We met on a blustery evening almost 3 months ago. The rain licked my face & my hair hung wildly. We liked each other instantly. Even in the dark cold night I could see all the potential you possessed; your beauty, the fun & friendships you could open me to, the great nightlife & entertainment on offer. You were what I craved at that time. You saw me as the bright eyed inquisitive backpacker I was, ready to explore & enjoy all you had to offer. We bonded effortlessly over the first few days & quickly fell into an easy going, loving relationship. I built a life around you & you invited me into your world with open arms. I am so grateful to you for making me feel so welcome.
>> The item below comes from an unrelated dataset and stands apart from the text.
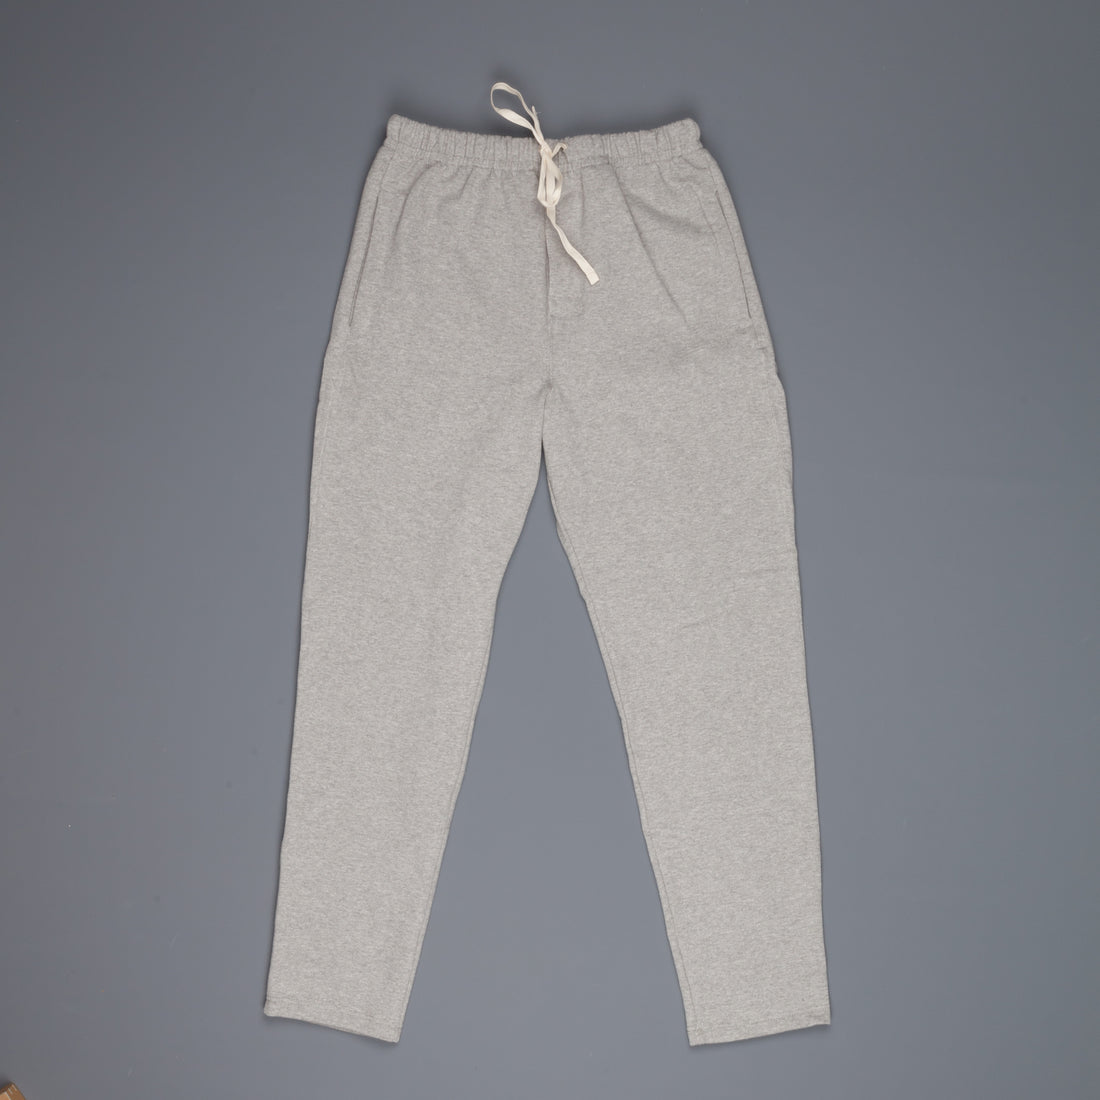 Merz B Schwanen Sweatpants 3S50 open leg Grey Melange – Frans Boone Store

Life with you in it has been undoubtedly fun. You have ticked all the boxes I was seeking. We have had our bad days when I felt like you were treating me awfully. You made my life difficult & I wondered why I was wasting so much time with you. Then you would uplift me with a ray of sunshine & a beautiful moment. I feel like I fit somewhere & I am content….Mostly. Yet I question do I want more?? Am I overthinking? Is there more out there?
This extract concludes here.